> EXERCISE BRIEF: Pictures are to be omitted; everything else in the data must be transcribed exactly.

> SOURCE DATA:
************

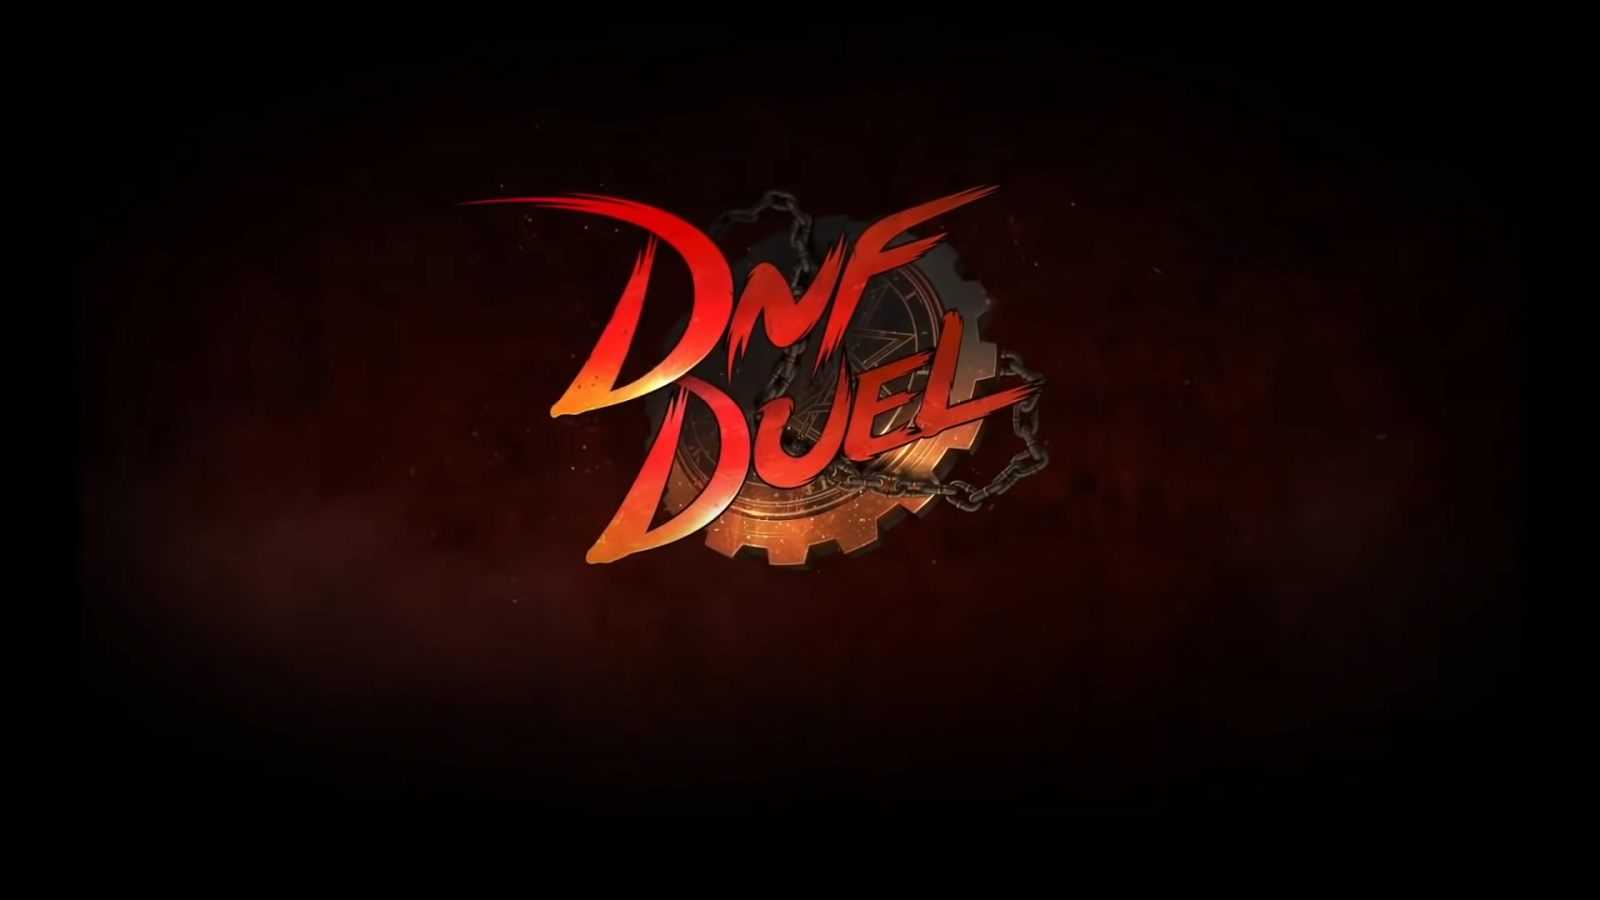 dnf duel season pass download free
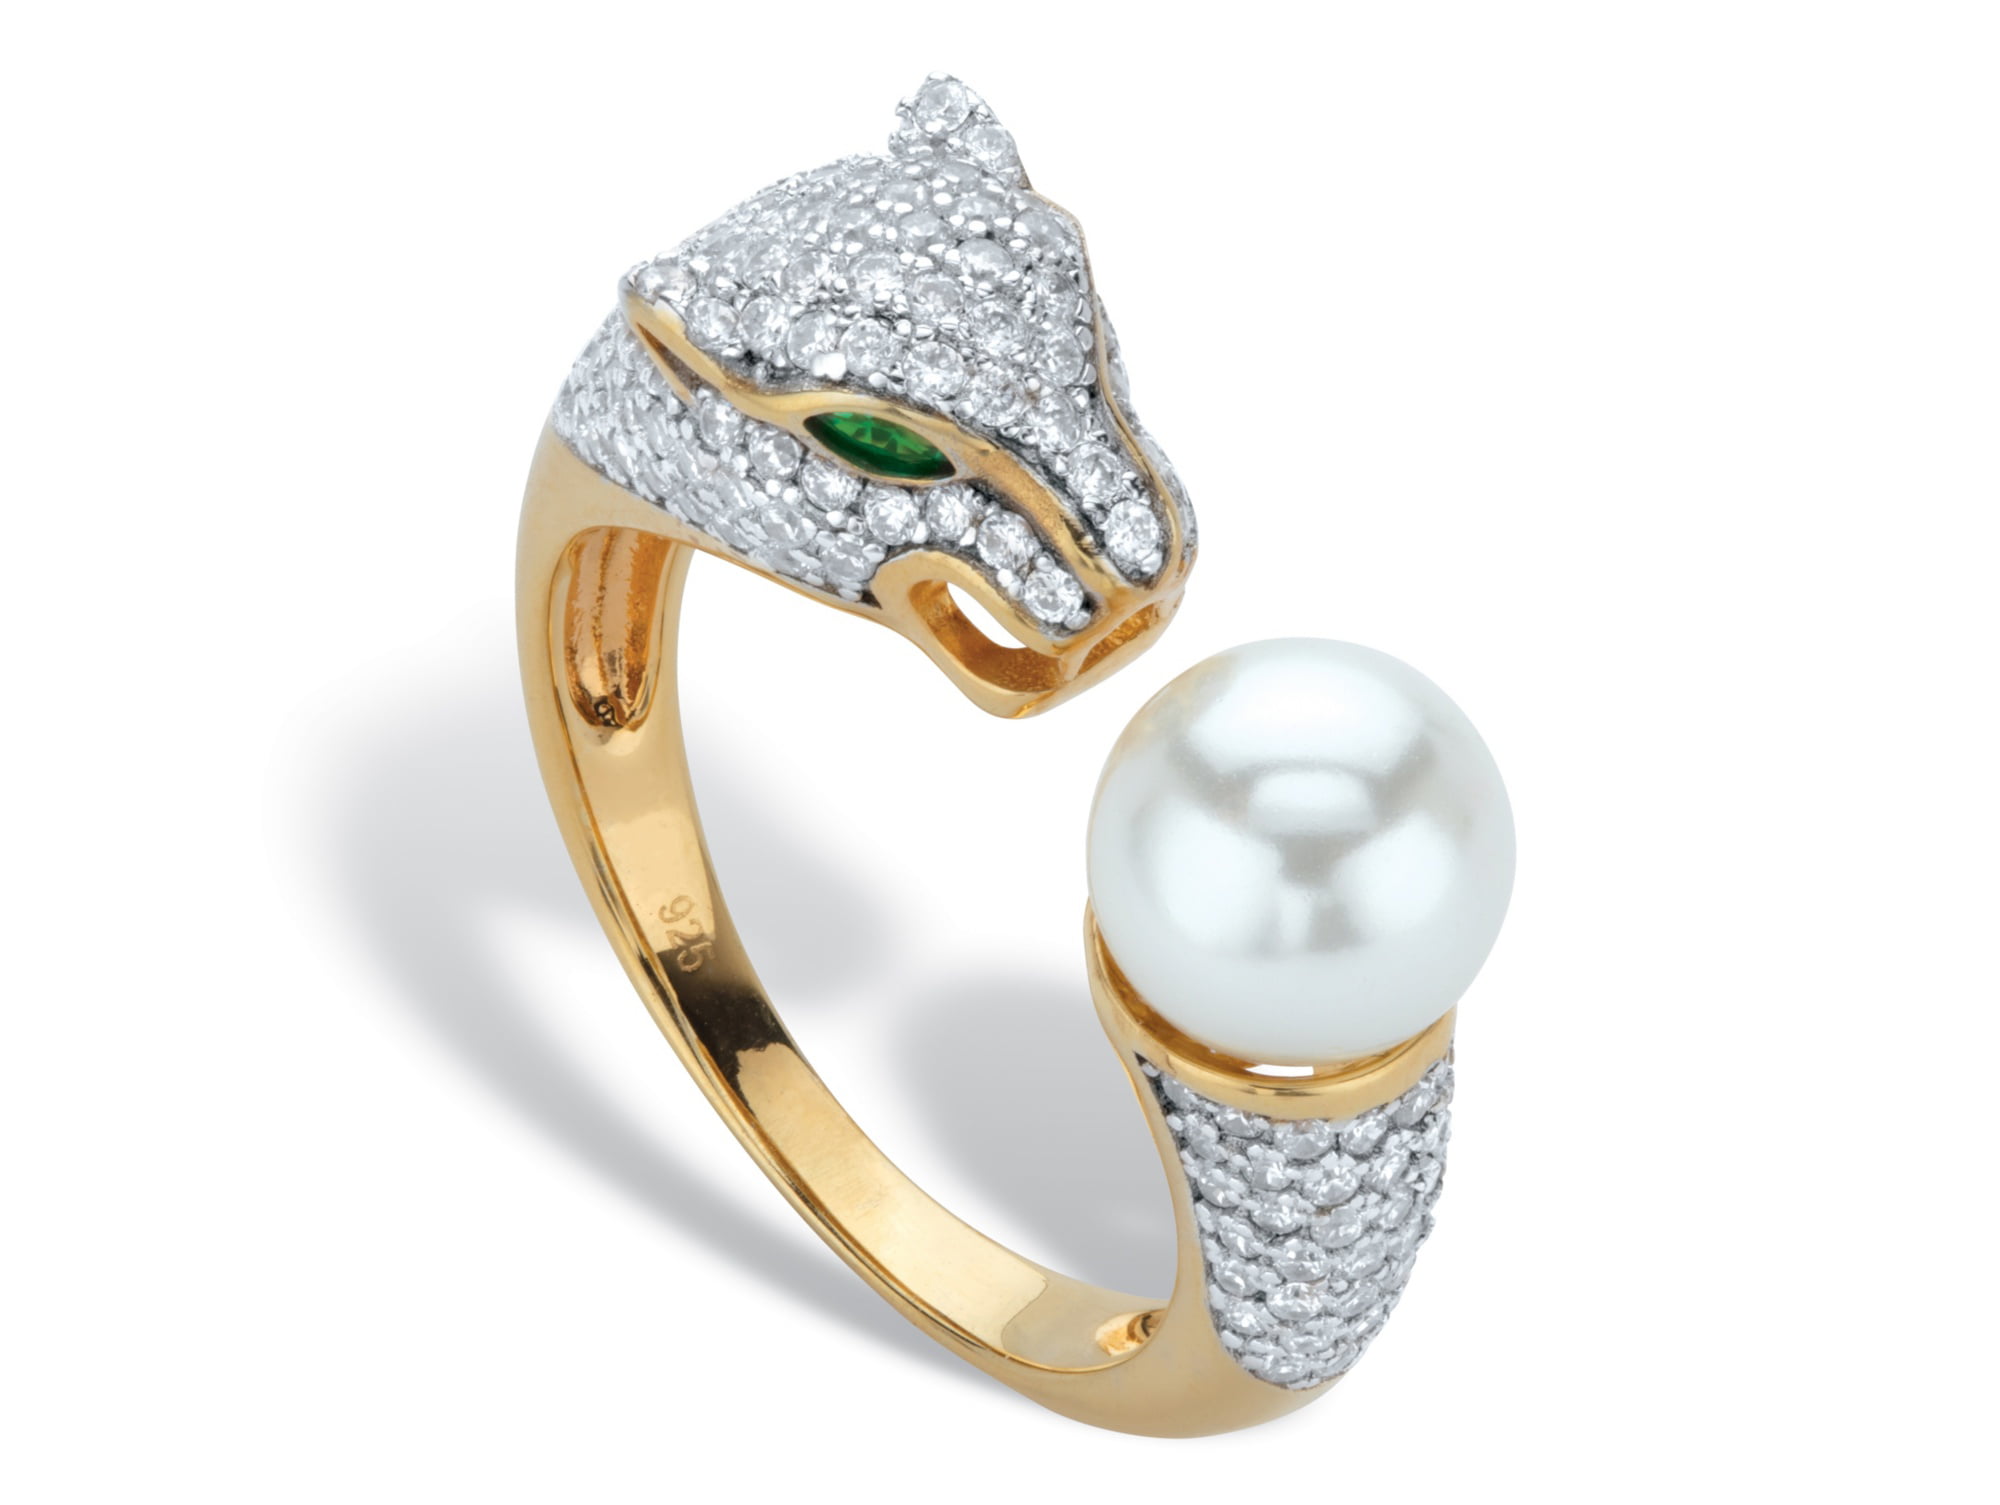 Details about   .64 TCW 14k Gold over Silver Genuine Cultured Freshwater 8mm Pearl and CZ Ring 
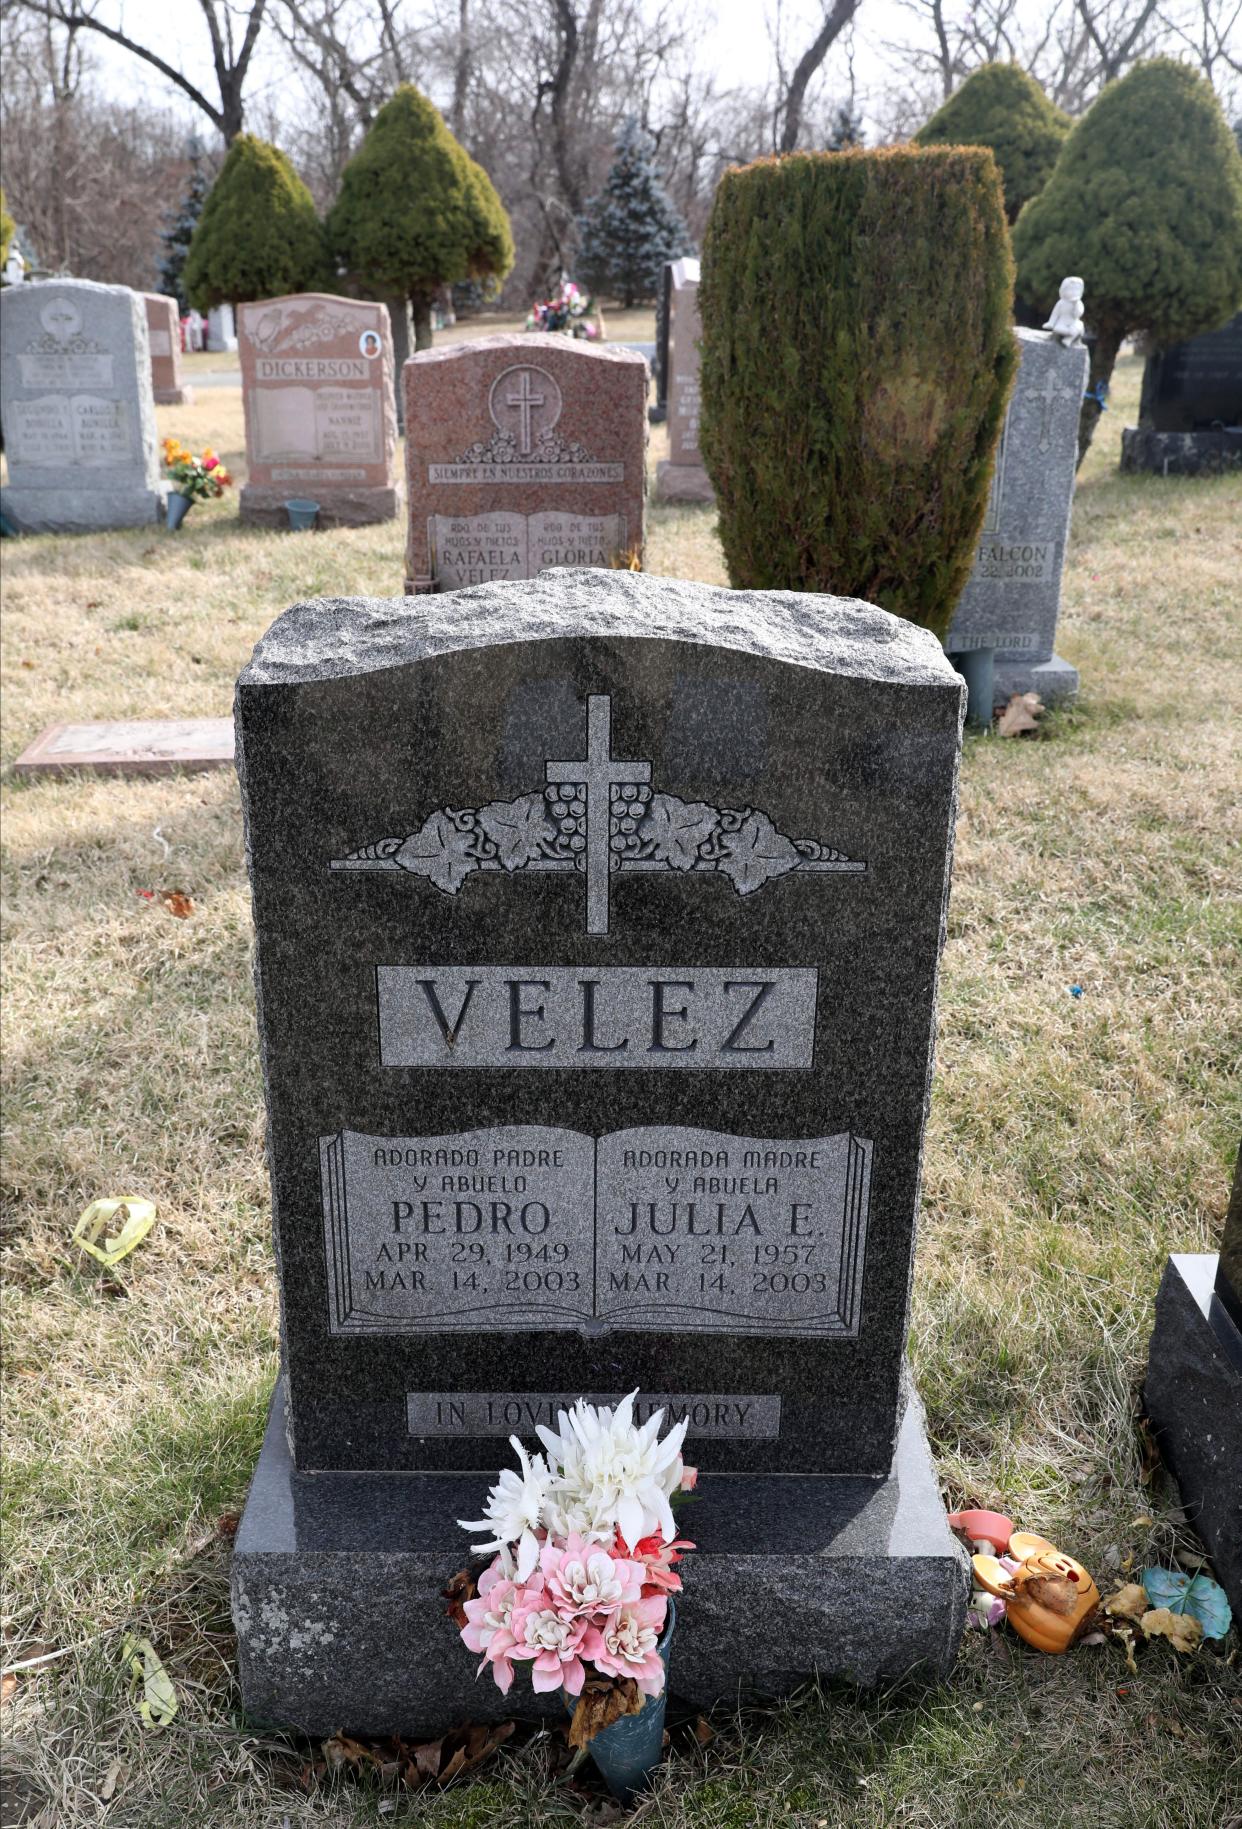 The gravestone for Pedro and Julia E. Velez is pictured at Oakland cemetery in Yonkers, Feb. 7, 2023.

************

> RESPONSE BOX:
 dnf duel season pass download free
 Details about   .64 TCW 14k Gold over Silver Genuine Cultured Freshwater 8mm Pearl and CZ Ring 
 The gravestone for Pedro and Julia E. Velez is pictured at Oakland cemetery in Yonkers, Feb. 7, 2023.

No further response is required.